Смекни!
smekni.com

Русский литературный язык: от XVIII века к XX. Размышления по поводу знаменательных дат (стр. 2 из 2)

В. Кальпиди. Памяти Андрея Тарковского

Это опять поэтический пример, но повторимся: именно поэзия, при всей условности своего языка, обнажает не только содержательный нерв эпохи, но и "нерв" формальной языковой организации. В процитированном стихотворении (это законченное произведение, не отрывок!) типично начало - фраза строится с середины, как случайно подхваченный обрывок разговора, типична ассоциативность семантических текстовых связей (почему кроты - и Гомер? потому что Гомер слеп? и потому что повествование в "Илиаде" разветвляется, как кротовые норы разветвляются во тьме? тьме веков? почему убитый снег? потому что это стихотворение "памяти"? и потому что снег падает в "Ностальгии"? - "такой расклад" - химера или путь к авторскому коду?), типична загадочная обрывистость фраз и текста в целом.

Вторая линия - линия семантического развития. XVIII век - век прямых значений, где развитие семантики легко отталкивается от любой из сем. См. в приведенном ранее ломоносовском отрывке: тонкий прах - сема "малости", которая присутствует и в современном тонкий, однако она явно недостаточна для идентификации лексемы. Что для современного человека "тонкий прах"? Даже если перешагнуть через архаизм определяемого слова и уяснить, что это всего-навсего "пыль", наиболее вероятное прочтение - "тонкий слой пыли", но никак не "мелкая, легкая пыль", как у автора. Подбирая синонимы, современный автор кропотливо роется в оттенках семантики, а поэт XVIII века без раздумий нанизывает их на одну сему, как на ниточку.

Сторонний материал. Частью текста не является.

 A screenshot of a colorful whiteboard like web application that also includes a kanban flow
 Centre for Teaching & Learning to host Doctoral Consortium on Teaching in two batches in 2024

Чаще же всего эпитет и не подыскивался среди синонимов, а диктовался определяемым словом: тень - черная, волна - морская, ночь - мрачная, вихрь - сильный и т.п. В XIX веке вырастает значимость эпитета, основанного на образной конкретности, поэтому у Пушкина виноград - "продолговатый и прозрачный, как персты девы молодой". Эпитет расширяет, а не повторяет свойство определяемого:

На берегу пустынных волн Стоял он, дум великих полн, И вдаль глядел. Пред ним широко Река неслася; бедный челн По ней стремился одиноко.

А. Пушкин. Медный всадник

Привычные, хорошо известные строки поэта, чье приближающееся двухсотлетие вновь заставляет особенно ярко почувствовать его молодое новаторство во всем, обычно уже не осознаются как новаторские, однако здесь все нестандартно. Действительно, разве можно сказать "на берегу... волн"? Стандарт - "на берегу реки" (озера, моря и т.п.). Разве нормально употребление "пустынные волны"? Пустынным может быть некое пространство, но не то его движение, которое являют волны. Разве может река нестись "широко", а не стремительно, быстро, бурно?.. Разве можно стремиться не "куда?", а "как?" - одиноко? "Нельзя", - скажет любой редактор. Но между тем именно за счет этой нестандартной сочетаемости рождается образ мощной, но сдержанной стихии, гораздо более конкретный и сильный, чем, допустим, рылеевское "ревела буря, дождь шумел, во мраке молнии блистали, и бесперерывно гром гремел, и ветры в дебрях бушевали", представляющее собой набор фольклорных штампов.

Что дальше? Что мог XX век предложить вместо или вслед за этой емкой выразительностью? Оказывается - парадоксальность. Естественные чувственно-конкретные связи классической метафоры сменились бьющими, "больными" ассоциациями:

А метафора - это крапива. Нагнешься за нею - ужалит. Но мне захотелось нагнуться.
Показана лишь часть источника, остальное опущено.